A corrida para a segurança alimentar
Expresso, 20081213
Miguel Monjardino
Há um ano o mundo parecia estar a caminho de uma terra incógnita. O preço do barril de petróleo estava prestes a atingir a barreira dos cem dólares. Nos mercados internacionais, metais industriais como o cobre e alumínio vendiam-se a preços extremamente elevados. No mundo agrícola reinava um choque alimentar. O preço dos cereais, carne, leite e pão disparou e criou graves problemas políticos a uma série de governos.

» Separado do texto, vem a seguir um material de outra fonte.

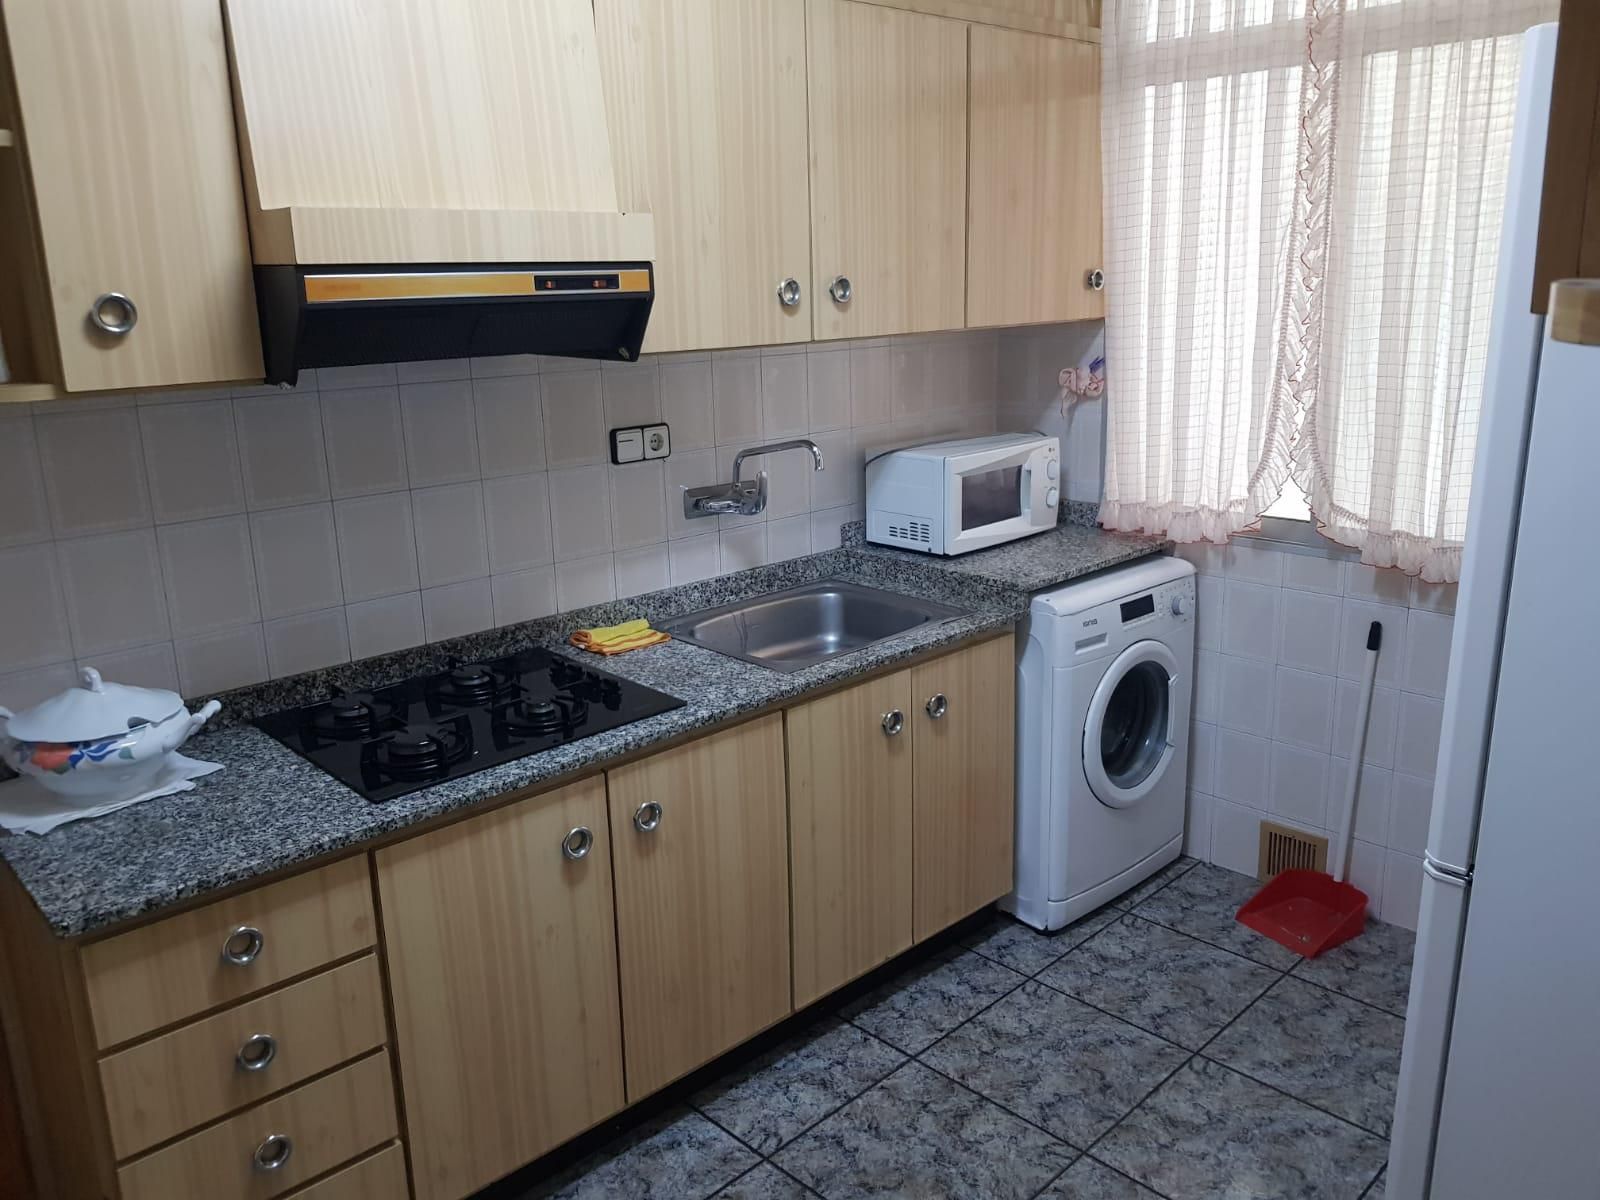 Imagen 4 Apartamento en venta en Elda / Piso primero en Elda, zona Acacias-Avenida de Madrid

Um ano depois, o que é que vemos? Bem, vemos que continuamos numa terra incógnita. O problema é que esta terra incógnita parece ser radicalmente diferente da do ano passado. O preço do barril de petróleo para entrega daqui a uns meses está na casa dos quarenta e cinco dólares. É provável que as medidas que a Organização dos Países Exportadores de Petróleo (OPEP) venha a tomar na próxima quarta-feira não consigam impedir a descida do preço do petróleo para a casa dos quarenta dólares no mês de Janeiro. Se isto acontecer, estamos a falar de uma descida na casa dos setenta por cento em relação aos preços de Julho passado. No mercado dos metais industriais, o cenário não é muito diferente. O cobre, por exemplo, desceu quase setenta por cento desde o Verão. Nos mercados agrícolas, os preços da soja, milho e trigo desceram entre os quarenta e cinco e os sessenta por cento desde o início do ano. O consumo de carne parece estar a diminuir. Se isto se confirmar, o preço do milho - um cereal essencial na alimentação do gado - nos mercados internacionais vai descer ainda mais ao longo de 2009.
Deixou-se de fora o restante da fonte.